We can remove that ‘fear’ by offering a full refund for any COVID-related cancellations and there are two potential ways of doing this:
- Require guests to pay a refundable deposit on confirmation:
o Define clearly that deposits will be refunded in full in cases of force majeure relating to COVID-19
o Define that deposits will not be refunded in cases of ‘disinclination’ to travel
o Provide proof of solvency through audited statements (Customer trust)
o Different approach or flexibility for ‘regular’ vs ‘unknown’ customers and contractual B2B versus ad hoc B2C customers- Reward regulars and volume
o DMC has to pass liability and payment demands on to customers
o A hybrid approach to paying refundable deposits to suppliers, e.g. deposits to be paid to secure a booking in cases where the supplier can a replace that provisional booking with a confirmed booking
o Suggested transparency in terms of how the deposit is split between conservation and community vs tourism (accommodation)
- Don’t require guests to pay a deposit on confirmation, then manage your risk:
o Understand your contractual obligations
o Different approach or flexibility for ‘regular’ vs ‘unknown’ customers and contractual B2B versus ad hoc B2C customers – Reward regulars and volume
o Only require deposit to secure a booking in high-demand periods (i.e. when inventory can be confirmed elsewhere)
o Ringfence the deposit (the guest puts the deposit in trust)Endorsed by:
An African Anthology, Cullinan Holdings, Fancourt, Go2Africa, Kobo Safaris, Micato Safaris, Ondese Safaris, Private Safaris, TSC Group, Tswalu Kalahari, Wild Wings Safaris. Will you add your voice to this collective? Email communications@satsa.co.za
The rest of the world is starting to open up, and part of that opening up and the normalisation of COVID means our traditional source markets are starting to think about where they’re going to travel to and plan.
Traditionally, we have relied heavily on DMOs, such as South African Tourism to do our marketing for the destination. In this new world, there is a distinct shift in how we’re going to compete with other destinations and the ease of booking is one key aspect. This is a suggested approach, but will only become meaningful if we can support it as a collective.
David Ryan from Rhino Africa reports definite increased interest in travelling to Africa, especially from source markets like Spain, Germany and North America.
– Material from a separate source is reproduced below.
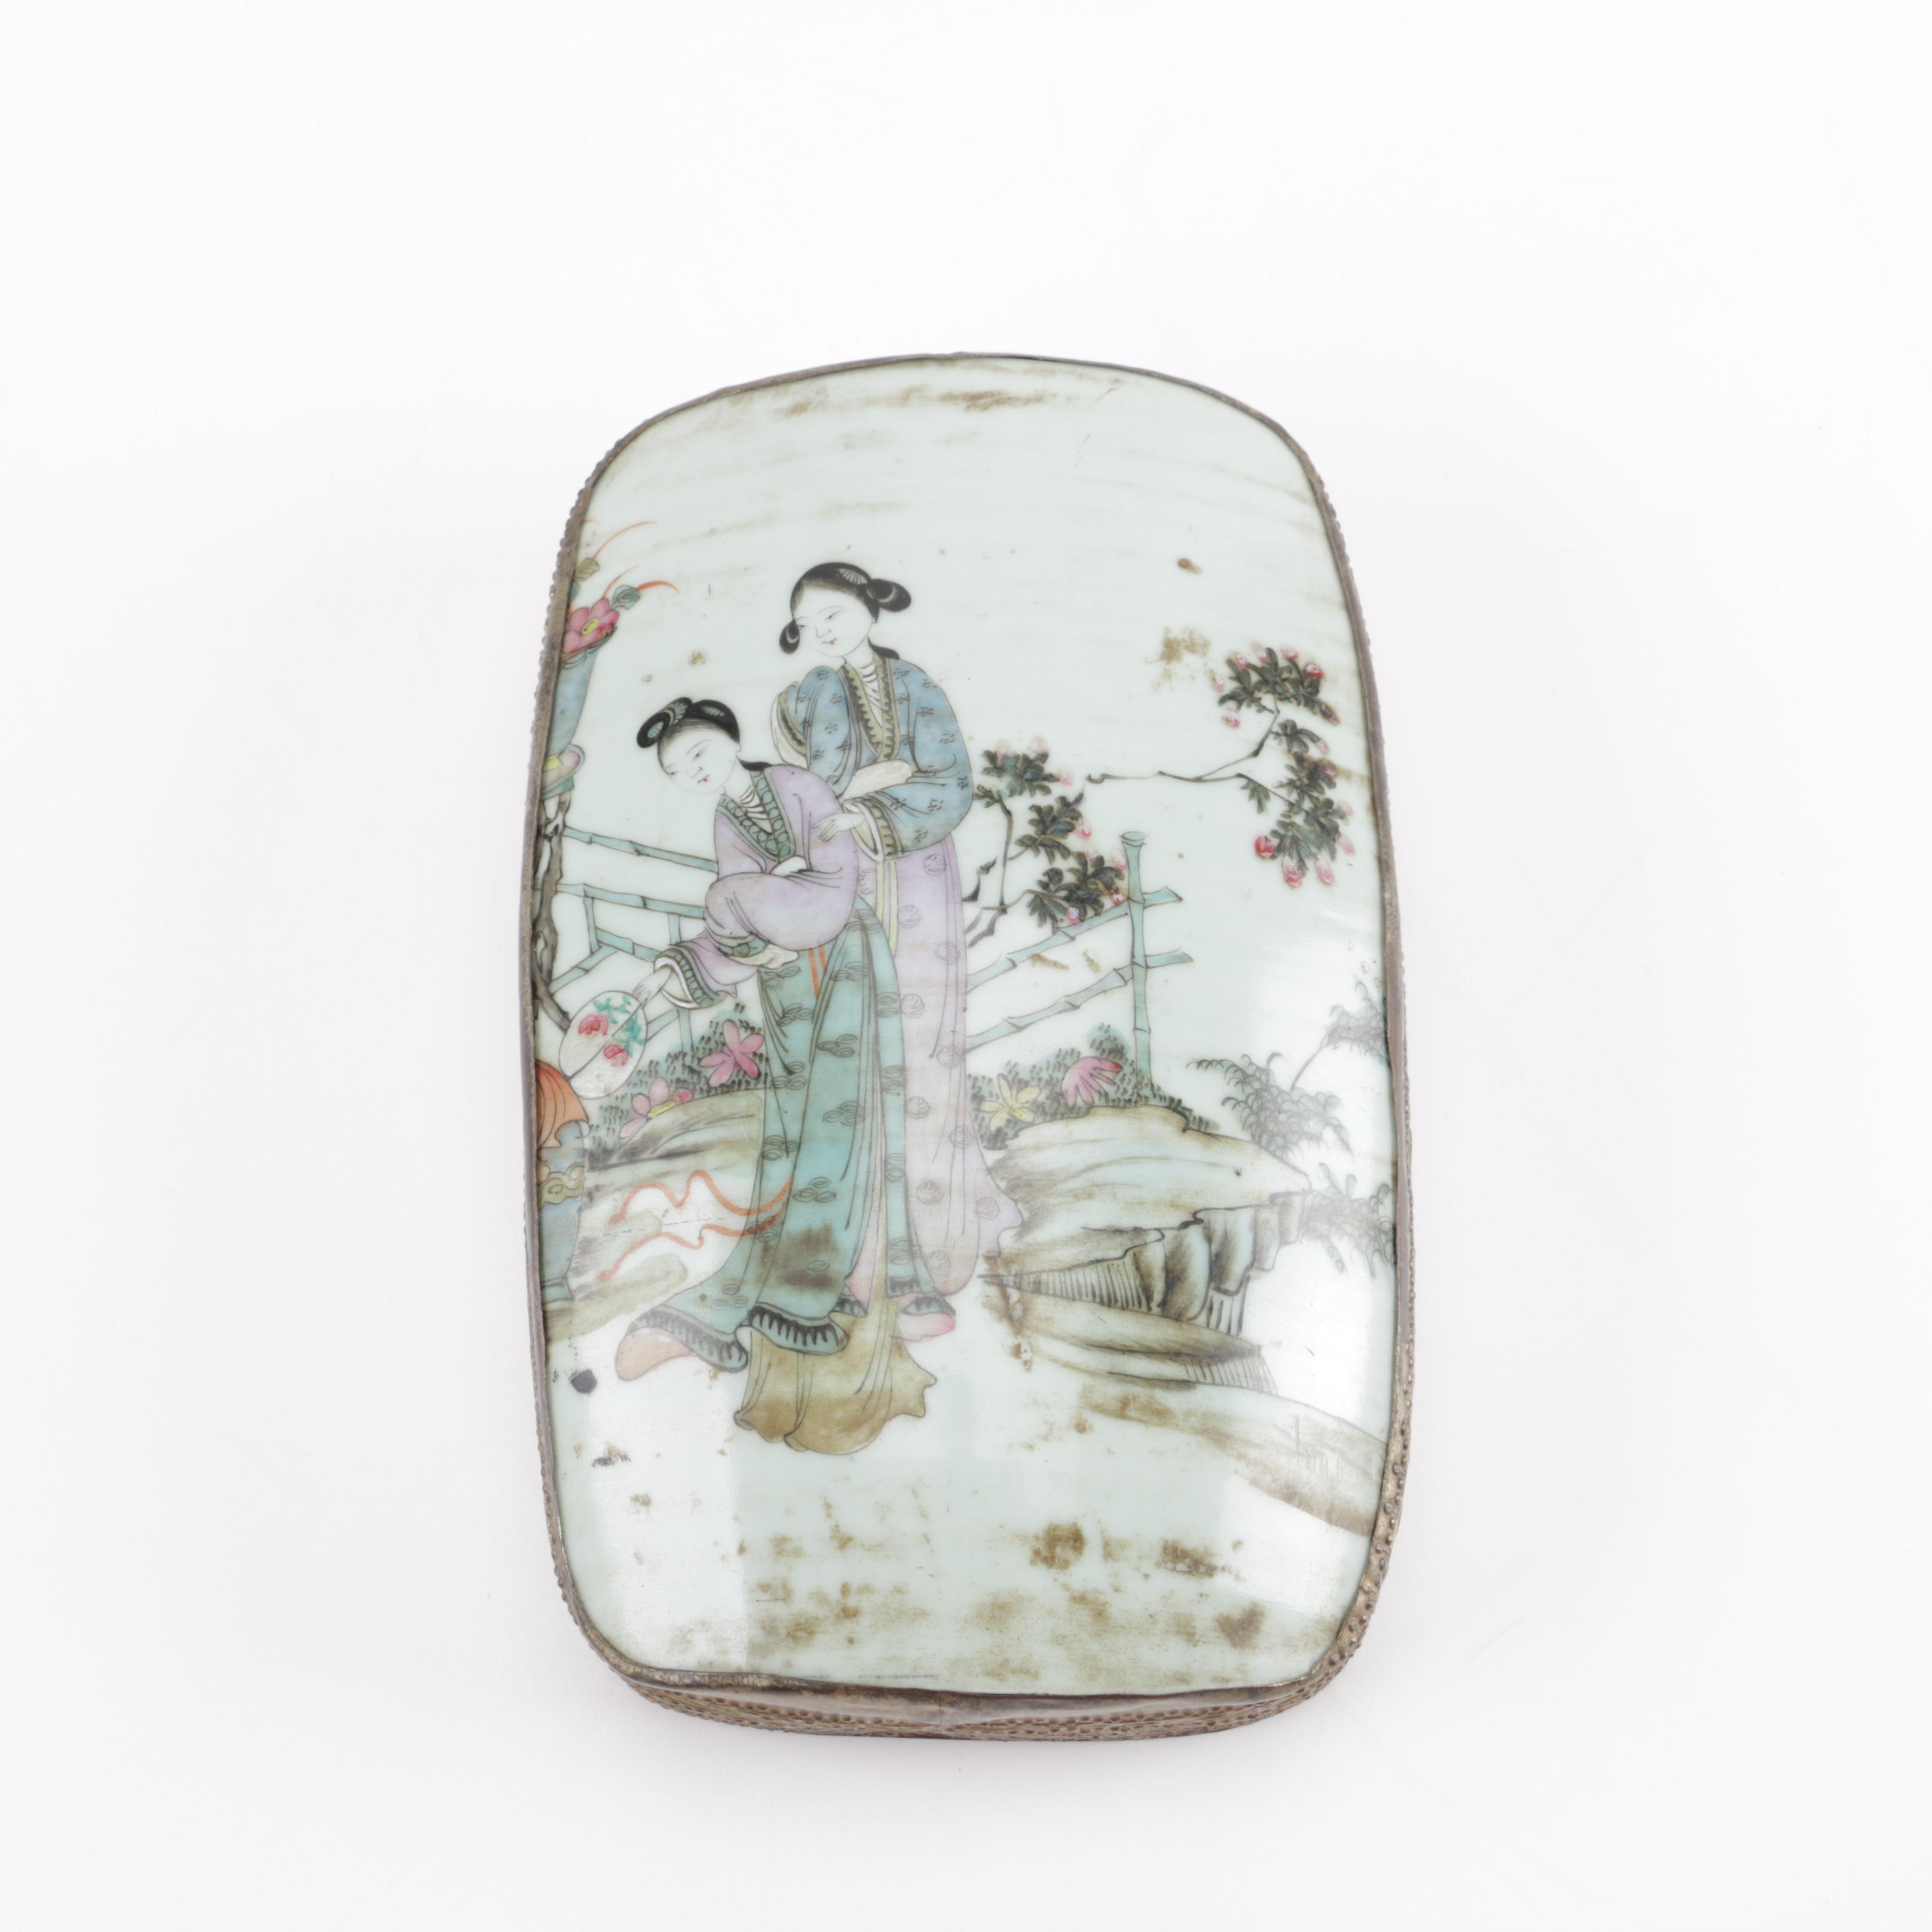 Chinese Porcelain Shard Figural Trinket Box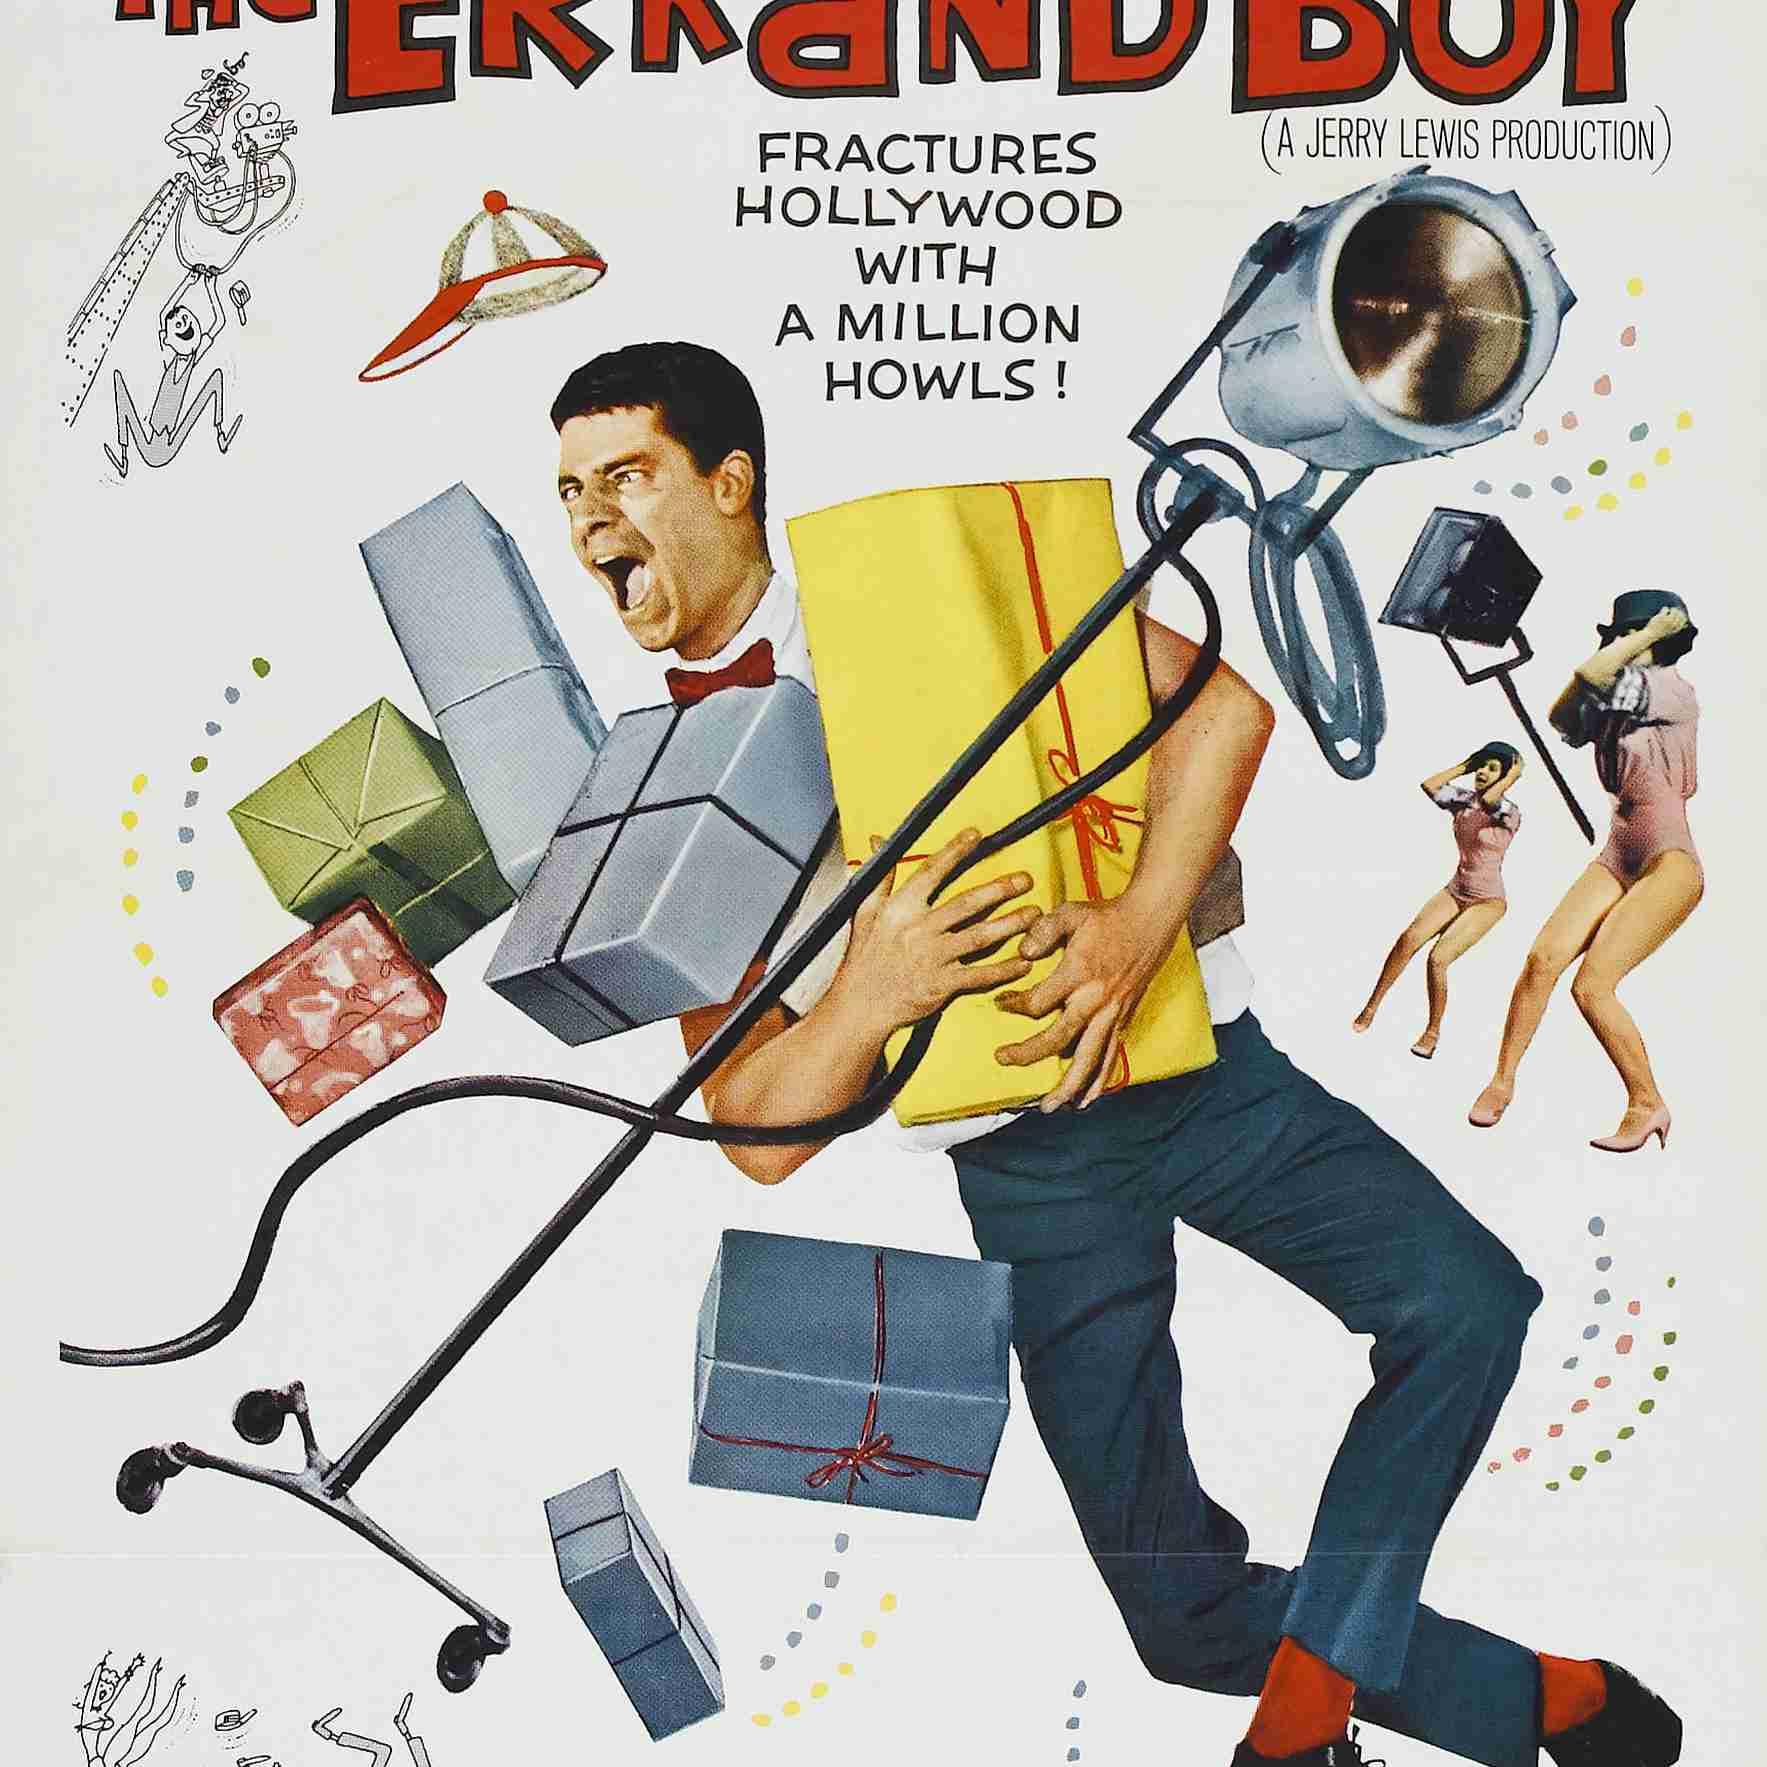 """The Errand Boy"""

He says clients are looking for more certainty around the eco-system and booking conditions.
Simply by offering a more flexible booking policy, Rhino Africa has been able to drive demand and conversion.
While Industry lobbies strongly for the lifting of Government-imposed travel bans, there’s an opportunity for us to align our T&Cs to provide greater certainty that if the customer or guest has to travel as a result of COVID-19, they will be covered.
The more flexible our cancellation policies are for the remainder of 2020, the less likely that travellers will cancel for fear of incurring fees, particularly for September and October. It must surely be in everyone’s interest to hold onto confirmed bookings as long as possible, to allow the fluid situation of inbound travel opening up to unfold.